Interview with artist Albert Figurt from network cultures on Vimeo.

Albert Figurt is an Italian musician and video-maker who constantly tries to understand the way we look at things. Albert has been previously involved in Video Vortex taking part of the conferences in Split and Brussels in which he has always combined theory and performance as a way to creatively approach and express his ideas. Indeed, he creates video pieces in the form of video-essays, mixing theory, practice and creativity in order to reflect on the medium through the medium itself. Albert is interested in the very meaning of the frame in our actual context; a setting in which we find ourselves surrounded by an uncontrollable rise of visual information, continuously and obsessively composing  reality in which everything becomes susceptible to be filmed (and thus controlled) by the digital eye-mirror.

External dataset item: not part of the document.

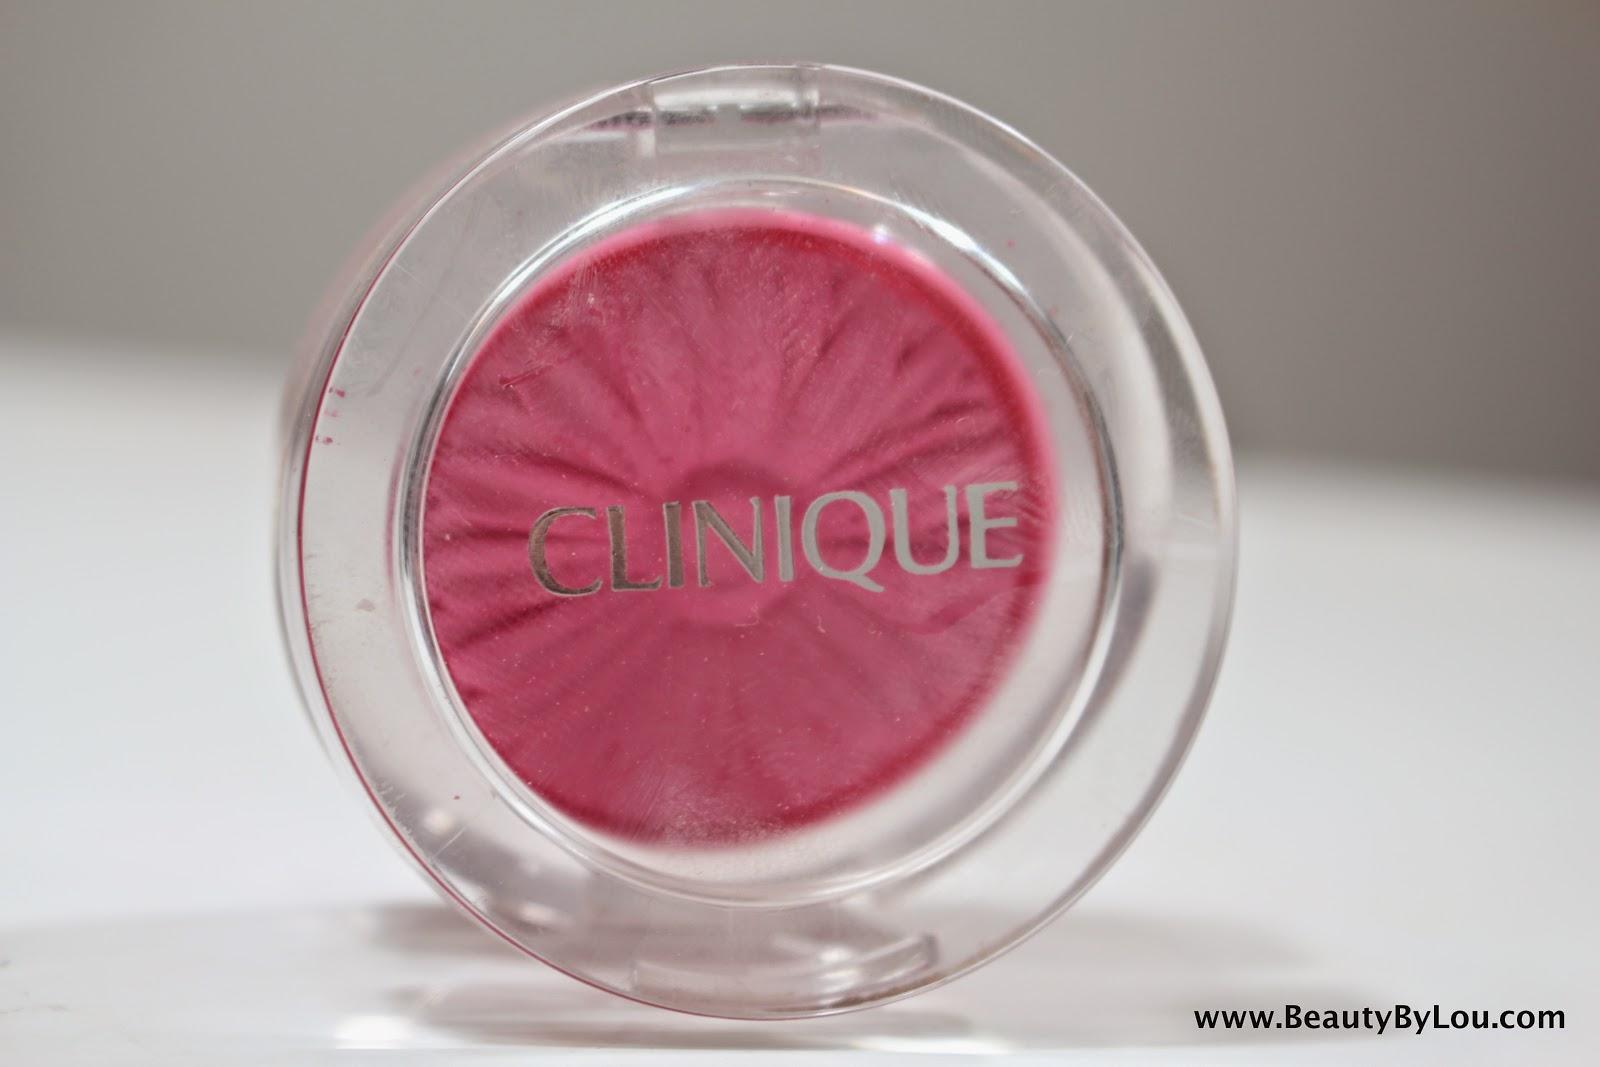 http://www.beautybylou.com/2015/04/revue-avis-cheek-pop-clinique.html

In “No dike can dam the streams of consciousness” (2005), one of his early video pieces,  Albert makes a very poetic video-travelogue around Amsterdam in which we can notice some of the main notions  that will be later employed in a bigger project called “Three studies on the hyper-gaze”.  During the last years Albert has developed this series consisted of three video-essays: Quixotic, Notre-Cam de Paris and Video Bacannalia.  “Quixotic” (2009) is the result of a post-futurist marathon where audiovisual material has to be conceived, filmed, edited, scored & finalized in 48 hours (see Cinema_Solubile ). Profiting from the avantguard approach and setting, Albert came out with some sort of jazz-documentary: the idea behind it is to test an improvisational attitude related to audiovisual practice – as it happened with the jazz revolution in which on-the-spot solos brought music back to its original use as a playful and real-time art form. He considers this piece as a way to reflect on the future of visual communication, when video dialogues will probably become regular and real-time conversational practices, as well as immediate actions, much more subjected to the improvisation and therefore to an instant and spontaneous editing.

In “Notre-Cam de Paris” (.pdf) (2010) Albert  shows the panorama of a group of tourists filming the interior rose window of Notre Dam in Paris. The spread of  digital cameras have given rise to a compulsive act of framing reality in which everything is now seen through the lens of the screen, turning the reproduction into something more meaningful than the reality itself. In this video Albert composes the rose window of Notre Dam by filming the camera screen of the tourists and thus creating a “centripetal” perspective of a single object. Besides, he looks into how tourists interact with their cameras in order to compose the perfect image that will transform that moment into an everlasting experience, an unforgettable memory that insinuates us to look at these devices as extension of a worldwide connected brain. Finally, in the project “VideoBacchanalia” (2011) -some sort of unusual theatrical backstage- Albert gathers all the mobile phone videos effortlessly realized by student/actors during a trip to Southern Italy in order to incorporate them lately in the architecture of the places while at a time respecting quality and size of the original footage.

In addition to this,  Albert explains in this interview some of his upcoming projects and current ideas in a sophisticated setting midway between analogical and digital and specifically created for this occasion. During the Skype interview, we experienced some video turbulences due to low quality wifi connection and the result it is a low resolution video which somehow tributes the  odyssey we frequently experience with  Skype video-chatting.